This week's book giveaway is in the OCAJP 8 forum. We're giving away four copies of OCA Java SE 8 Programmer I Study Guide and have Edward Finegan & Robert Liguori on-line! See this thread for details.
I've got a small list of keywords that I need to seach through to see if the word I've just parsed is a keyword. Something like:
Clearly, is the number of entries (N) is small, and if the number of words to check (T) is small, then its simplier and faster to just do a linear search through the list.
Seems to me (without doing any testing) that even for fairly large values of T, as long as N is very small (say 6) then there is no point in using something fancier such as a HashSet. In Big-OH terms, while a linear search is O(N) each, and the hash lookup is O(1) there are lots of constants to look at, and for the HashSet, the constants are fairly large compared to nearly nothing in the boriing linear search.
Does anyone have any rules of thumb for when its worth thinking about fancier approaches?
Or is this yet another time when you should ignore performance until its a problem?
Well, the absolute worst-case for the HashSet is if every one of your constants hashed to the same bucket; then to check for membership the HashSet would get the target's hashCode(), do a mod operation to choose the bucket, then linear search through the bucket. So the worst case is definitely worse than the naive linear search.

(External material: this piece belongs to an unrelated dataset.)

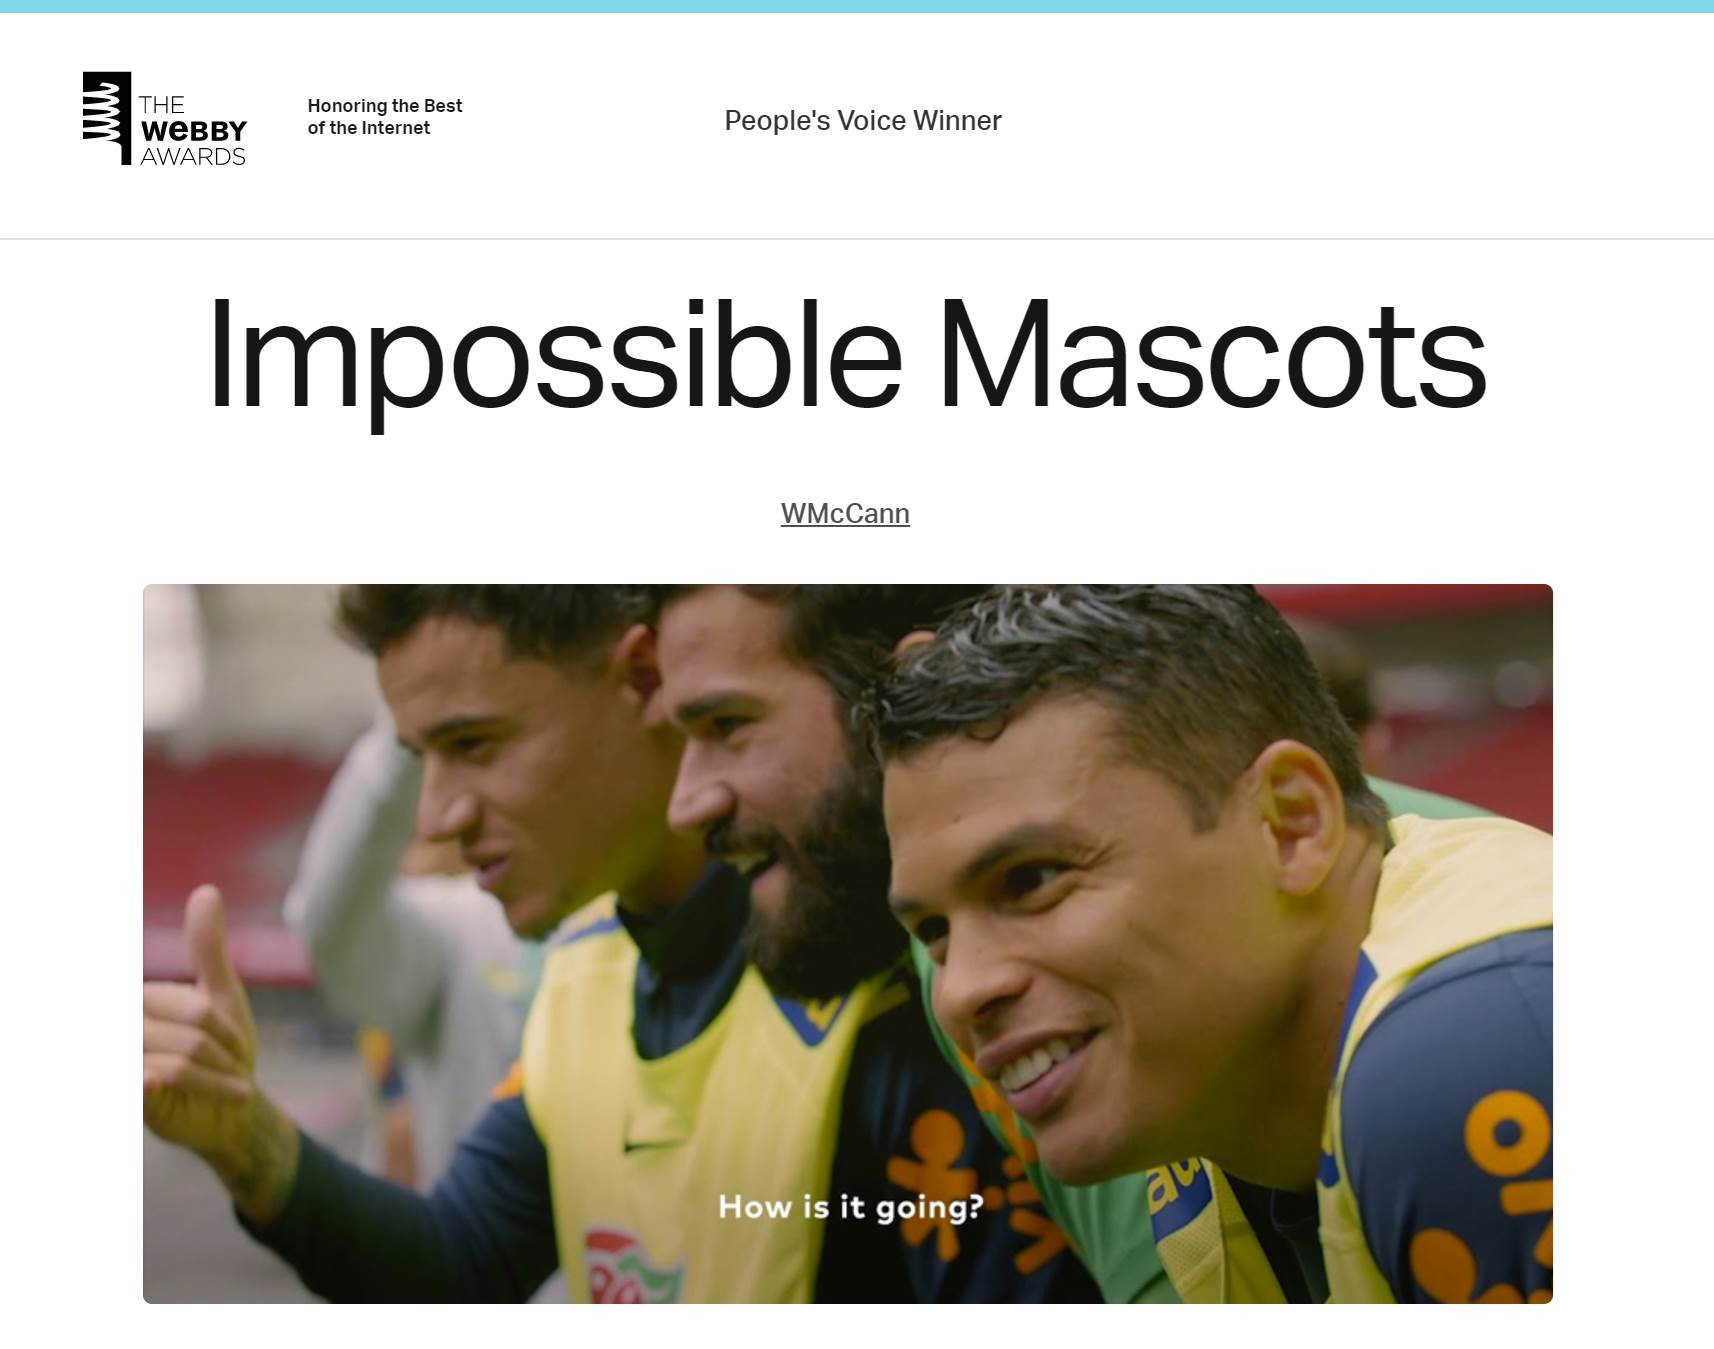 Foto do site do prêmio "The Webby Awards", com os dizeres "People's Voice Winner", "Impossible Mascots", e a imagem dos jogadores da seleção brasileira durante a ação realizada no jogo amistoso.

But the chance of that worst case happening is vanishingly small. In a very common case, you'd probably have one bucket with two entries, and the other ones just singletons. Then to find the target, the HashSet finds the hashCode() of the target (Strings cache computed hashCode values, by the way) does the mod operation to find the bucket, and does one equals() to verify membership. Intuitively, that's three method calls, so it's roughly comparable cost-wise to a linear search of a three-element array. That's ignoring some subtleties, like the fact that mod is expensive, but also ignoring the loop overhead of the naive linear search. So still, I'd call it a wash.
It seems to be that as long as the number of targets is large enough to justify the expense of initializing the HashSet, then if there are more than three keywords, the HashSet is worth it. How many target is that? Well, you have to allocate about one bucket for each key, and compute the hash codes of the keys... so maybe the number of targets has to be three times the size of the keyword array to justify the expense of setting up the HashSet. After that, it's all gravy.
With a small set of words, you will almost certainly not see a noticeable difference in speed, but why are you trying to avoid using the "fancier" Set, exactly?
It doesn't cost more from a code perspective: one extra line to create the set, but then your checks are now a single method call, so you save a loop on each check.
The code is more readable, and more scalable in case your word list grows. It will use a few more bytes of memory, but again, with the numbers we are talking about, the difference in both speed and size is infinitesimal.
A library of sorts and searches released long ago by PR1ME Computer (they made minicomputers used by NASA and Ford's design team) had a cut-off point. If the list was 10 items or less, they reverted to a linear scan.
Which brings up a good point. If the vendor supplies a search function, use it. It's possible that it was optimized for the target hardware, so you can have portable and optimal at the same time.
An IDE is no substitute for an Intelligent Developer.